Re: BOMs from Martin J. Dürst on 2013-11-19 (www-tag@w3.org from November 2013)

From: Martin J. Dürst <duerst@it.aoyama.ac.jp>
Date: Tue, 19 Nov 2013 13:32:37 +0900
To: "Henry S. Thompson" <ht@inf.ed.ac.uk>
CC: Bjoern Hoehrmann <derhoermi@gmx.net>, IETF Discussion <ietf@ietf.org>, JSON WG <json@ietf.org>, Anne van Kesteren <annevk@annevk.nl>, www-tag@w3.org, es-discuss <es-discuss@mozilla.org>
Message-ID: <528AE9E5.3000704@it.aoyama.ac.jp>

Okay, here are some more tests.

http://www.sw.it.aoyama.ac.jp/2013/pub/json_tests/test1_utf8_nobom.json
http://www.sw.it.aoyama.ac.jp/2013/pub/json_tests/test2_utf8_bom.json

They are self-describing JSON files served with application/json, the 
first without a BOM, and the second with a BOM.

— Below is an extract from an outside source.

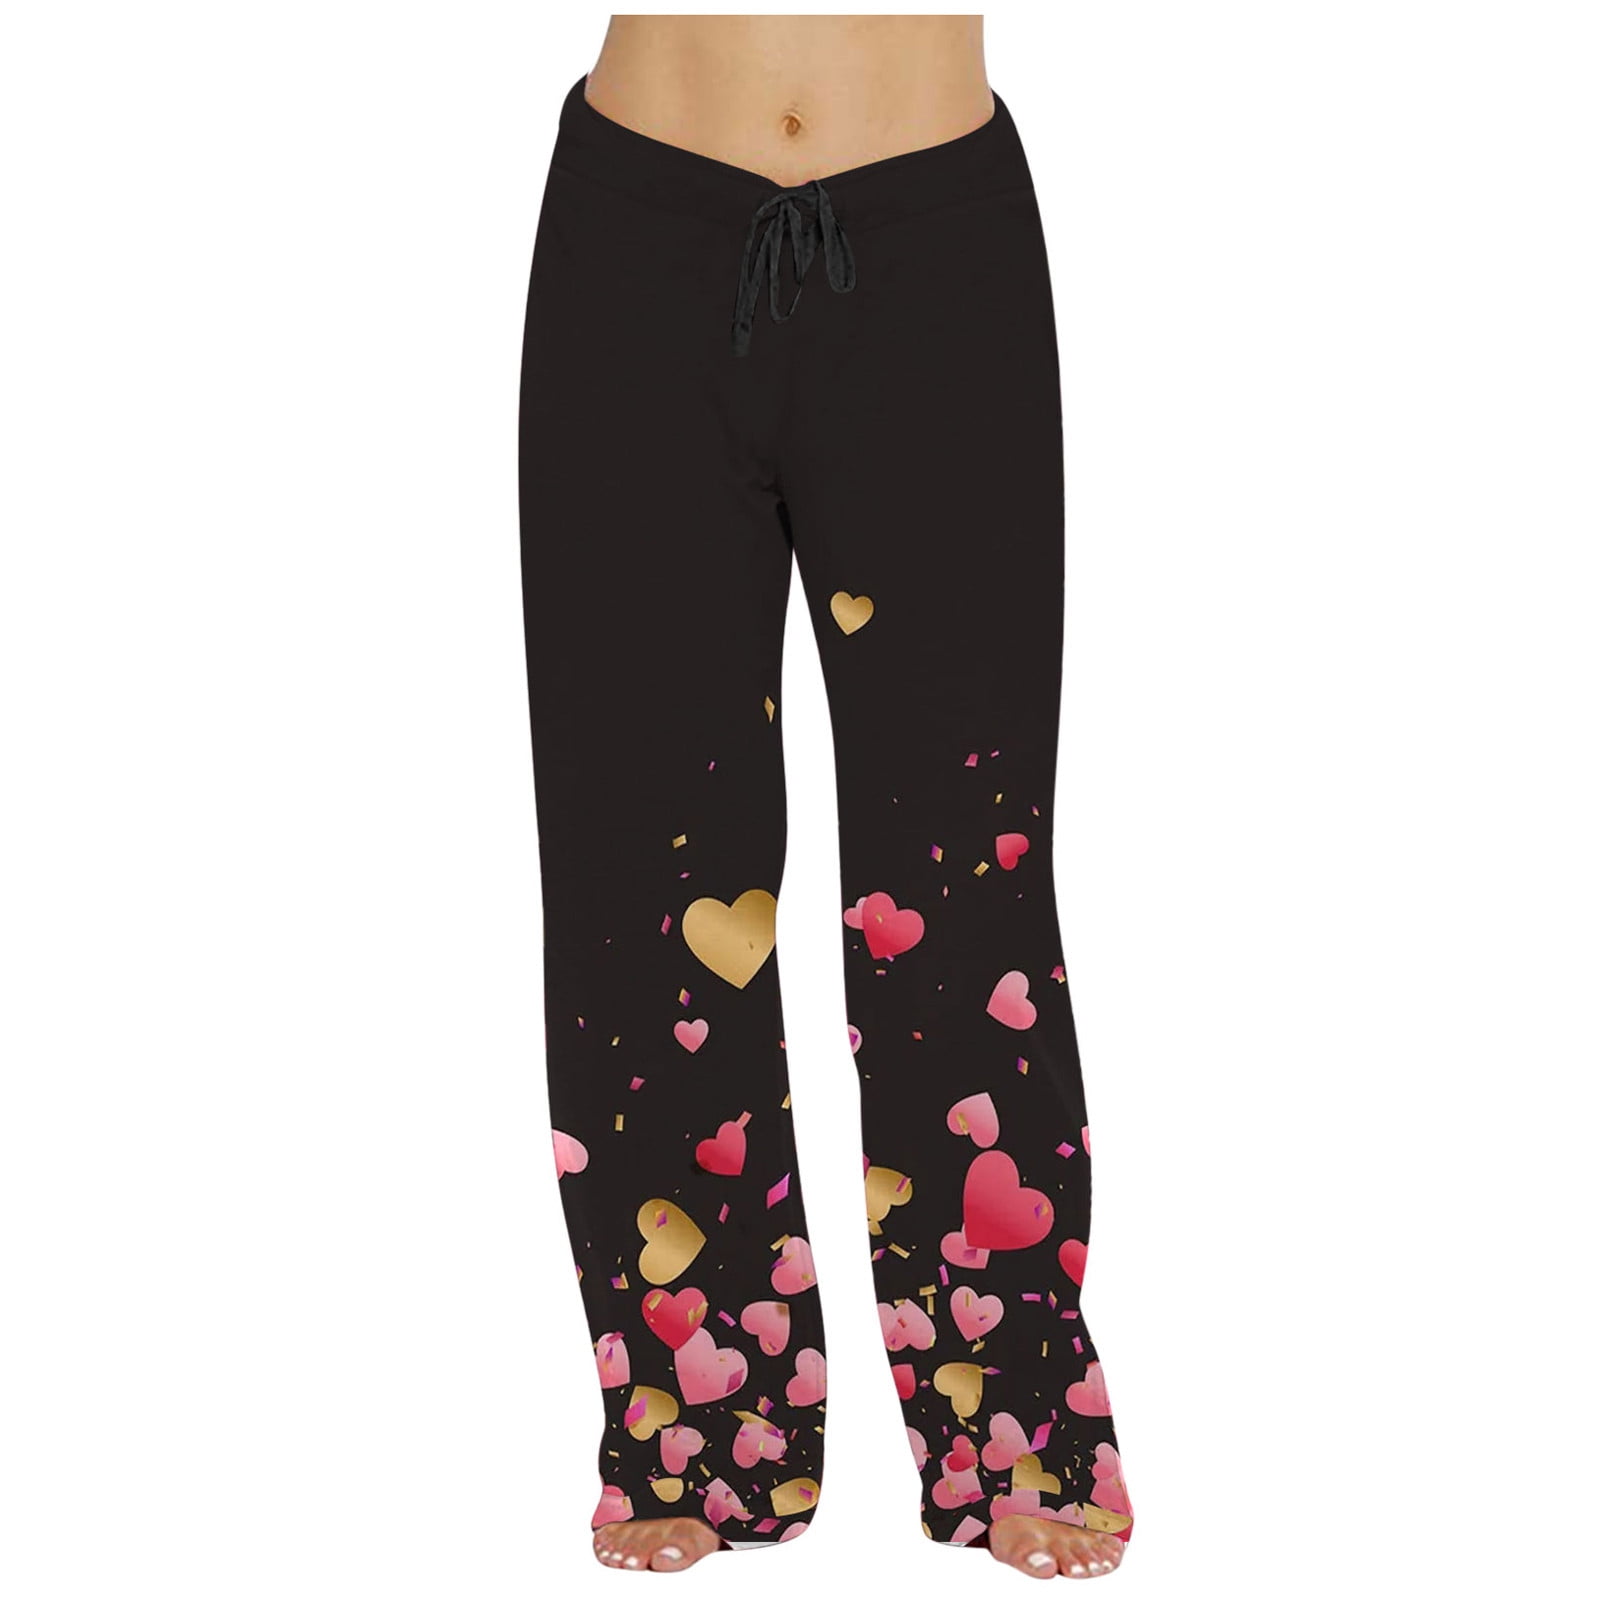 Fesfesfes Sweatpants for Women Floral Printed Casual Pants Elastic ...

They contain some Japanese, and a tiny bit of Spanish.

[see more below]

On 2013/11/18 21:59, Henry S. Thompson wrote:
> Bjoern Hoehrmann writes:
>
>> Perl's JSON module gives me
>>
>>    malformed JSON string, neither array, object, number, string
>>    or atom, at character offset 0 (before "\x{ef}\x{bb}\x{bf}[]")
>>
>> Python's json module gives me
>>
>>    ValueError: No JSON object could be decoded
>>
>> Go's "encoding/json" module gives me
>>
>>    invalid character 'ï' looking for beginning of value
>
> I'm curious to know what level you're invoking the parser at.  As
> implied by my previous post about the Python 'requests' package, it
> handles application/json resources by stripping any initial BOM it
> finds -- you can try this with
>
>>>> import requests
>>>> r=requests.get("http://www.ltg.ed.ac.uk/ov-test/b16le.json")
>>>> r.json()

I get a 404 on this example. I can put up UTF-16 examples, too.

Regards,   Martin.

> Signatures are not part of the text of a document, as the UNICODE spec
> makes clear, so asking what happens when you pass a string beginning
> with a BOM to a parser is not really the right question in this
> context, is it?
>
> As I tried to say in an earlier post, there's a distinction which
> needs to be carefully insisted on between, on the one hand, languages
> and their parsers, where I agree signatures/BOMs have no place, and,
> on the other hand, (media-typed) resources/entities/payloads and _their_
> processing, where a discussion of BOMs/signatures _is_ appropriate
> and, often, necessary.
>
> BTW I agree that the status of the UTF-8 BOM as signature is slightly
> hazy, but again the UNICODE spec itself [1] says
>
>    "this sequence can serve as signature for UTF-8 encoded text where
>     the character set is unmarked"
>
> ht
>
> [1] http://www.unicode.org/versions/Unicode6.2.0/ch16.pdf

Received on Tuesday, 19 November 2013 04:33:55 UTC